We have all, at one time or another, entered a bar and immediately felt out of place. At the most extreme level this can evoke a sense of trespassing. This...
We have all, at one time or another, entered a bar and immediately felt out of place. At the most extreme level this can evoke a sense of trespassing. This was very much the narrative behind this photograph. To be greeted by an overtly territorial crew with menace and attitude.
But for the story to work, two things had to coalesce as one - the characters and the interior. I like playing with the cold, it adds a visceral layer to the story and in this case, it hints at an outpost on the final frontier. Surely the further off the beaten track we travel, the greater the chance of being the outsider.
This is a frame that exhausts every inch available in the camera and that was my intent. There were so many characters I wanted to include, but I was also reluctant to lose the mood of the frozen saloon.

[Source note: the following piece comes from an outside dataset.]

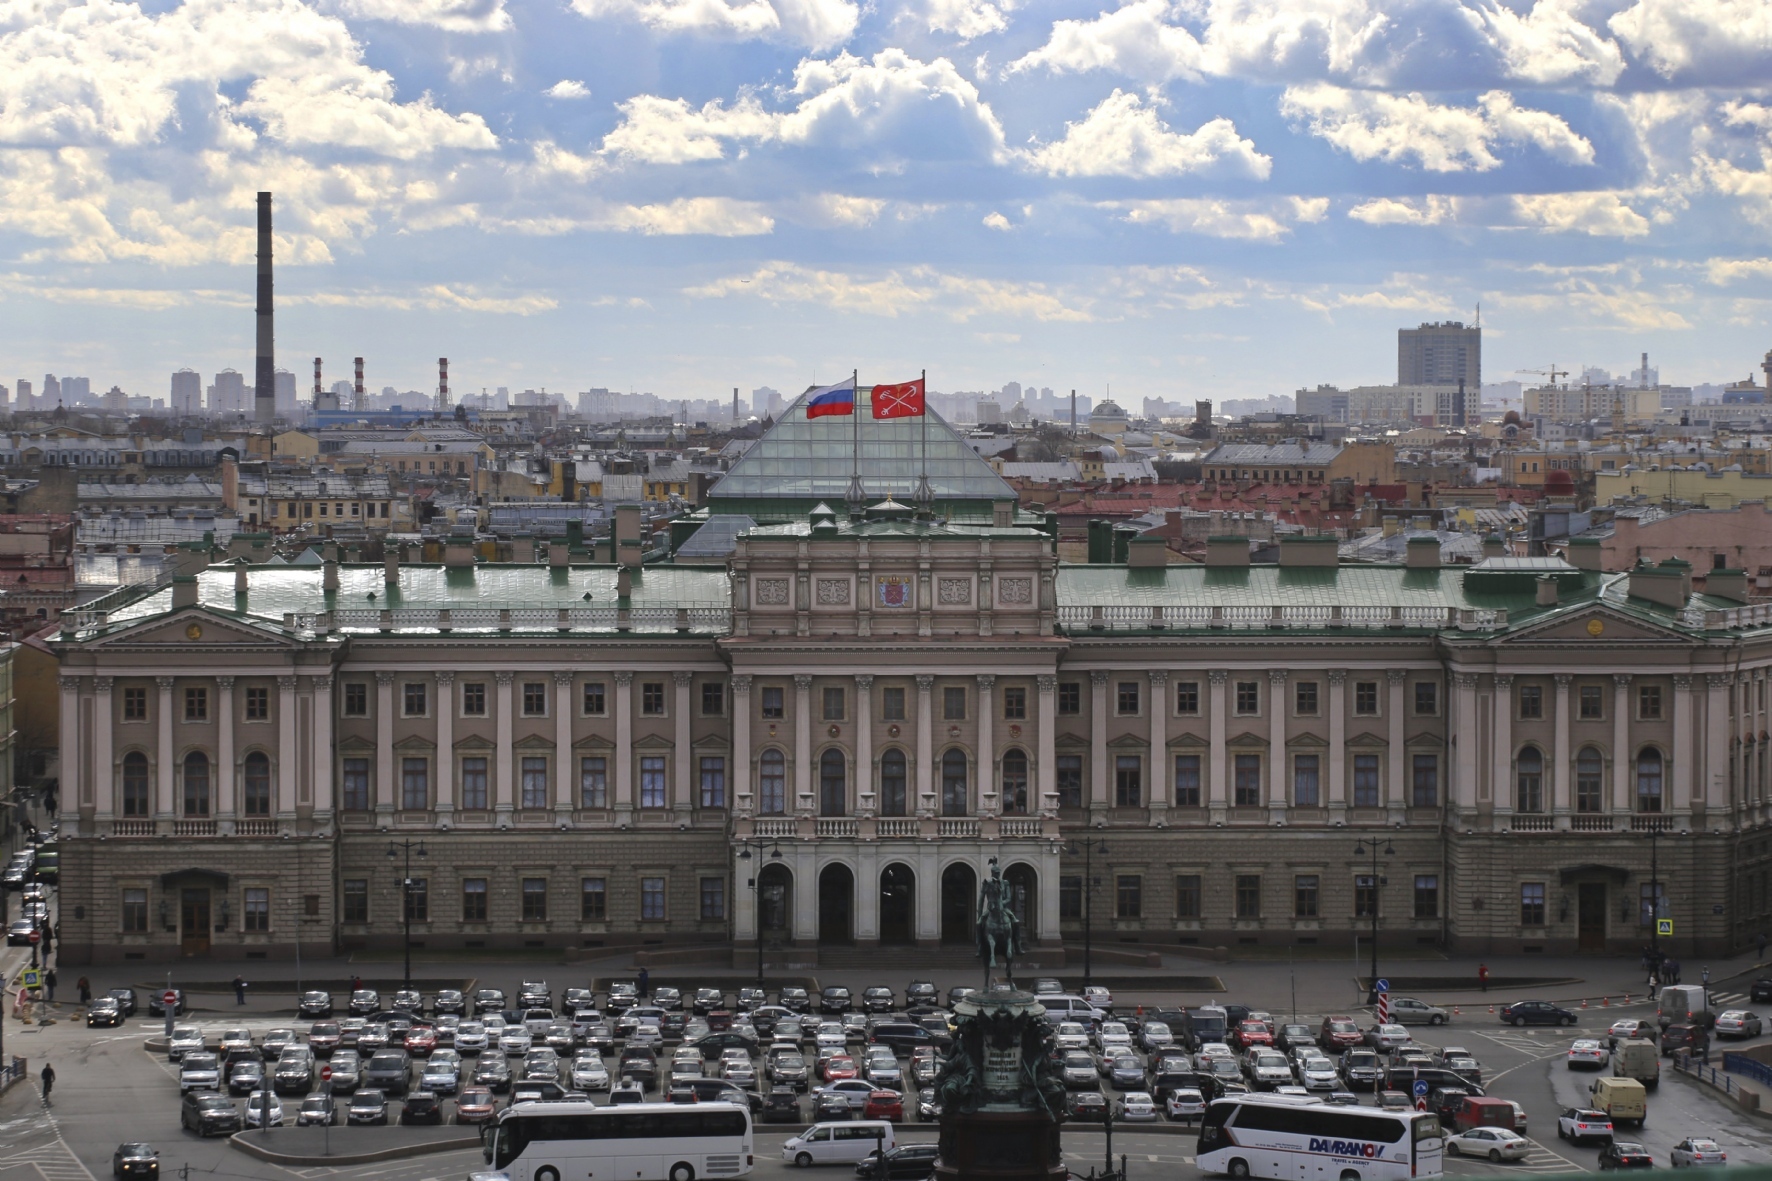 Законодательное собрание Санкт-Петербурга (Мариинский дворец)

The icicles on the frosty bison with the snow laden television playing True Grit were key assets that needed to be seen to amplify the sense of cold.
Our key asset was, of course, Cindy Crawford and she had to have sovereignty of the joint. She can play a badass very well and that was her ascribed role.
It is not easy for everything to come together in such a tight setting as one tension spot can ruin the whole pastiche. It’s akin to camels and the eye of the needle. The wolf’s paw on this occasion came very close to Cindy’s shot glass, but we got away with it.
The wolf is actually a domestic dog breed called tamaskan - he is not 100% wolf, but that mattered little, as he merely added to the sense of trespass. The only reason to linger in this bar would appear to be the landlady. Maybe she could be won over? Who knows, but she certainly owns the image.